Planning for the next year's event begins right after the party, as volunteers start dismantling a set as elaborate as a Hollywood production, Dunivant said, adding that part of the discussion is whether the hosts have the energy to do it again.
Last year was almost the last show, Dunivant said. But organizers decided to do it again this year. Construction typically begins on Aug. 1, but started a bit late this year.
The purpose of the party is pleasure, not profit, Dunivant said. Although admission is a bit pricey -- in advance or at the door -- it includes beer, live bands, a DJ and more mundane amenities like portable toilets and security guards. A film crew was on hand recording this year's spectacle.
Detroit police monitored activities from the street and forayed into the party to make observations, but the crowd, at least from 11 p.m. Saturday to 3 a.m. Sunday, was well-behaved. While the aroma of marijuana occasionally wafted overhead, there were few obviously intoxicated people in the crowd, which was limited to people 21-and-over who were required to wear costumes.
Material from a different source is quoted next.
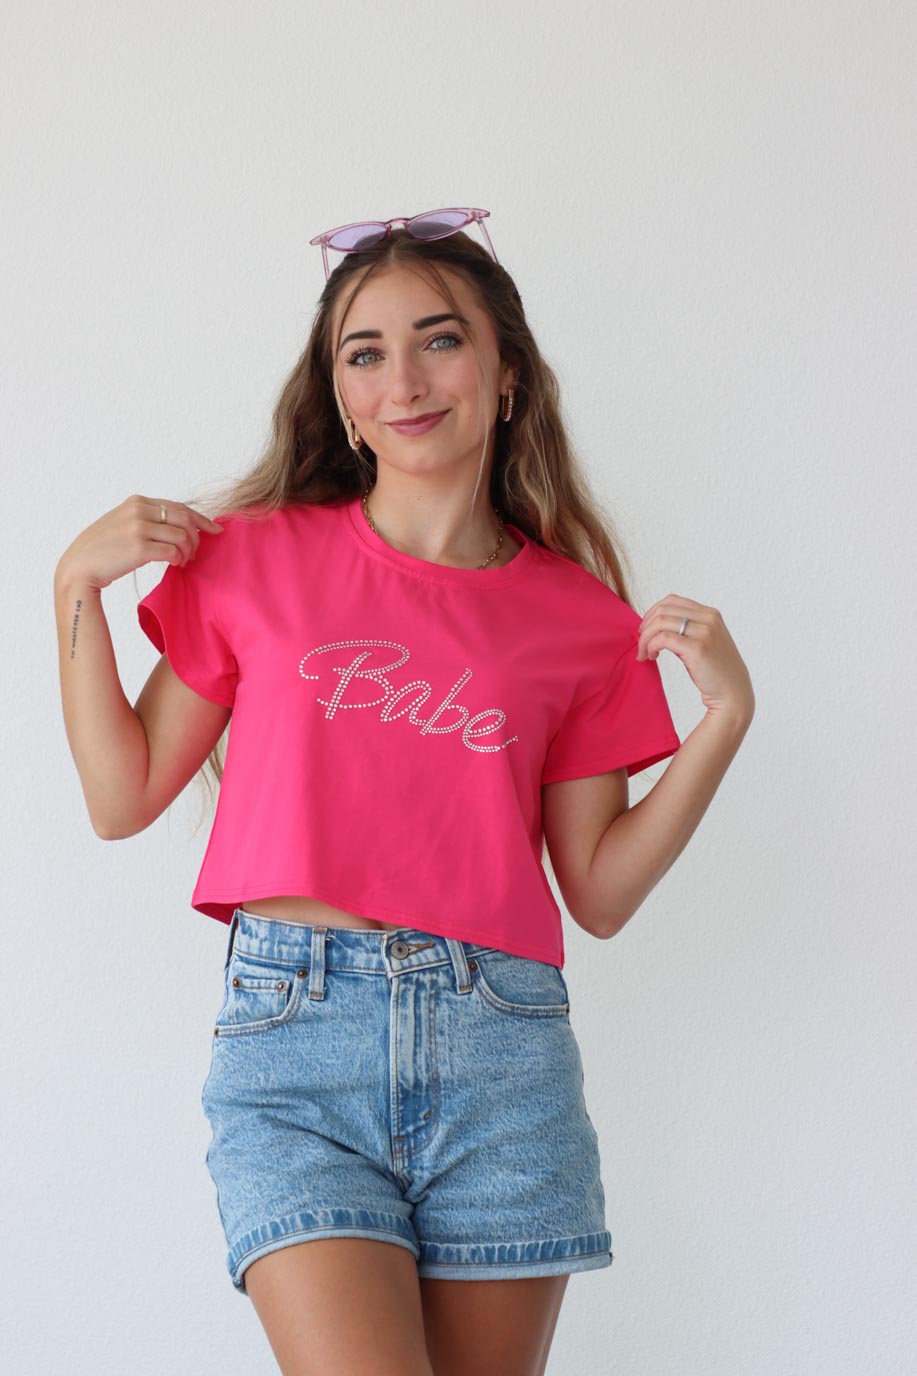 girl wearing hot pink "babe" t-shirt

Mike Hard, singer for punk rockers the Thrall, said the party is one of the secret events that make Detroit great.
"I've played all over the (expletive) world and there's nothing as good as this," he said. "It's so (expletive) Detroit; it's decadent, but still proud."
Dunivant's mother, Ginny, flew up from Florida to take tickets and help out. Her husband, Larry, used his carpentry skills to help create the party's abandoned carnival atmosphere.
Ginny Dunivant said her son's dream is to run a haunted house that looks like Norman Bates' Victorian mansion in the film "Psycho." She said she took him to a carnival when he was young, only to learn that he was terrified of clowns.
Those days are over.
"Most children look forward to Christmas," she said. "John looks forward to Halloween."